青色申告特別控除とは?

所得税等の確定申告の準備はお進みでしょうか?
今回は、青色申告の届出をしている場合に受けることができる「青色申告特別控除」に
ついて説明します。

青色申告者に対してはいろいろな特典がありますが、そのうちの一つに所得金額から
最高65万円 又は 10万円を控除できる青色申告特別控除があります。

(1) 65万円の青色申告特別控除
  この65万円の控除が受けられるための要件は、下記のようになっています。
  @ 不動産所得又は事業所得を生ずべき事業を営んでいること
  A 上記の所得に係る取引を、正規の簿記の原則(一般的には複式簿記)により
    記帳していること
  B Aの記帳に基づいて作成した貸借対照表及び損益計算書を確定申告書に添付し、
    この控除の適用を受ける金額を記載して、法定申告期限内に提出すること

  (注)・現金主義によることを選択している人は、65万円の青色申告特別控除を受ける
      ことはできません。
     ・不動産所得の金額又は事業所得の金額の合計額が65万円より少ない場合には、
      その合計額が限度になります。
      ただし、この合計額とは損益通算前の黒字の所得金額の合計額をいいますので、
      いずれかの所得に損失が生じている場合には、その損失をないものとして
      合計額を計算します。
     ・不動産所得の金額、事業所得の金額から順次控除します。

(2) 10万円の青色申告特別控除
 この控除は、上記(1)の要件に該当しない青色申告者が受けられます。

  (注)・不動産所得の金額、事業所得の金額又は山林所得の金額の合計額が10万円より
      少ない場合には、その金額が限度になります。
      ただし、この合計額とは損益通算前の黒字の所得金額の合計額をいいますので、
      いずれかの所得に損失が生じている場合には、その損失をないものとして
      合計額を計算します。
     ・不動産所得の金額、事業所得の金額、山林所得の金額から順次控除します。


例えば65万円の備品を購入したとしても、会社の資金が減り、その年に全額を必要経費に計上する
こともできません。
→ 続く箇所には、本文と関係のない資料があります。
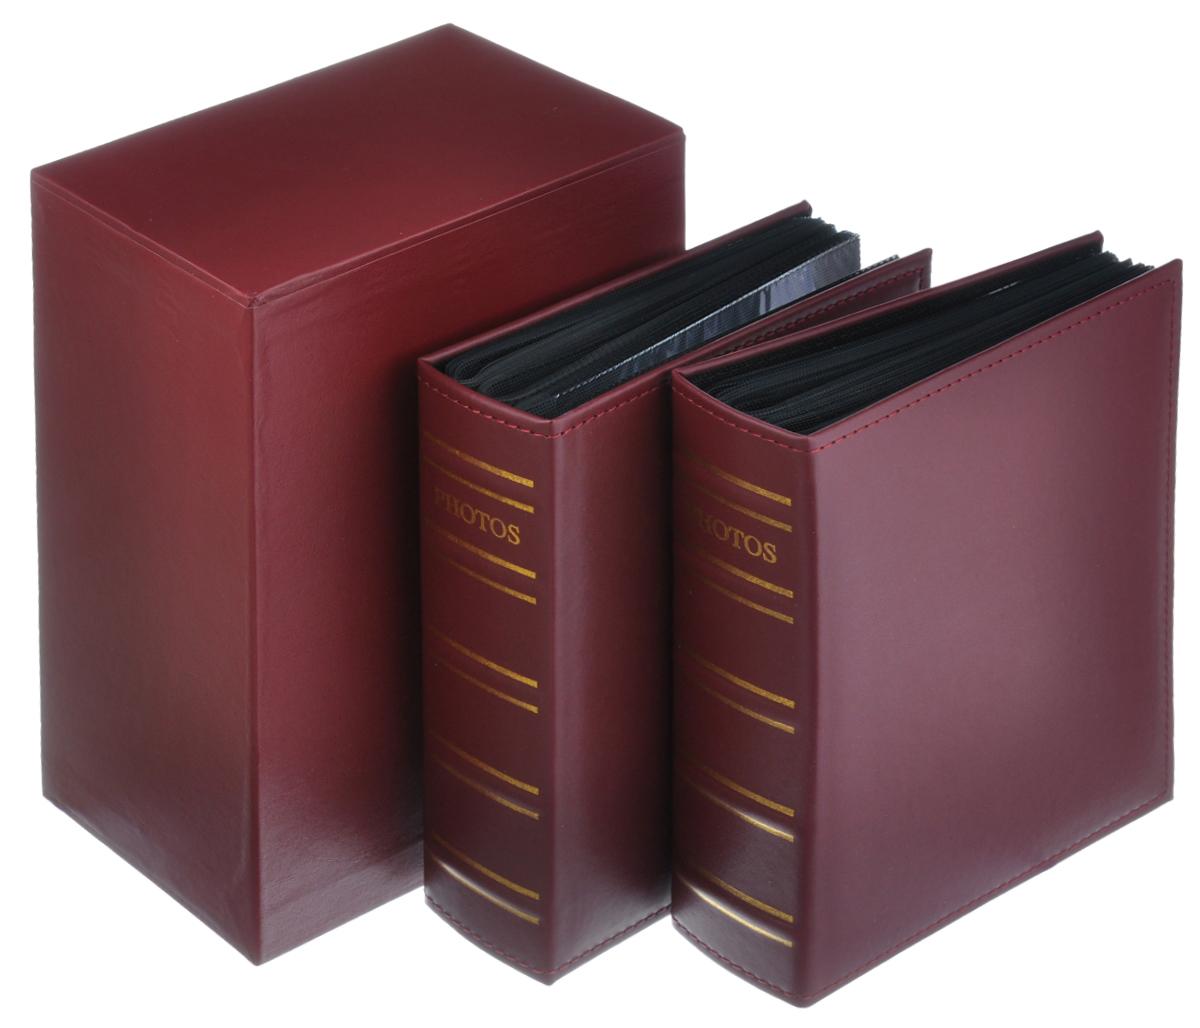 Набор фотоальбомов Image Art, 200 фотографий, 10 см х 15 см, 2 шт. Art -400Art -400Набор Image Art, состоящий из двух фотоальбомов, поможет красиво оформить ваши фотографии. Обложки фотоальбомов выполнены из толстого картона, обтянутого искусственной кожей. Внутри содержится блок из 50 листов с фиксаторами-окошками из ПВХ. Каждый альбом рассчитан на 200 фотографий формата 10 см х 15 см (по 2 фотографии на странице). Переплет - книжный. Альбомы вставляются в подарочную коробку, оснащенную ящиком для хранения различных мелочей.Нам всегда так приятно вспоминать о самых счастливых моментах жизни, запечатленных на фотографиях. Поэтому фотоальбом является универсальным подарком к любому празднику.Комплектация: 2 шт.Количество листов в одном альбоме: 50 шт.Число мест для фотографий в одном альбоме: 200 шт.Размер фотоальбома: 23 см х 18 см х 6 см.

(10万円以上の備品については、原則として、購入額を減価償却により
何年間かで経費計上していくことになります)
年間65万円(又は10万円)を所得から控除できる青色申告特別控除は、節税に有効です。
現在、市販のソフトなどを使用すると、簡単に複式簿記の帳簿を作成できますので、
青色申告を行っていない方は検討されたほうがよいでしょう。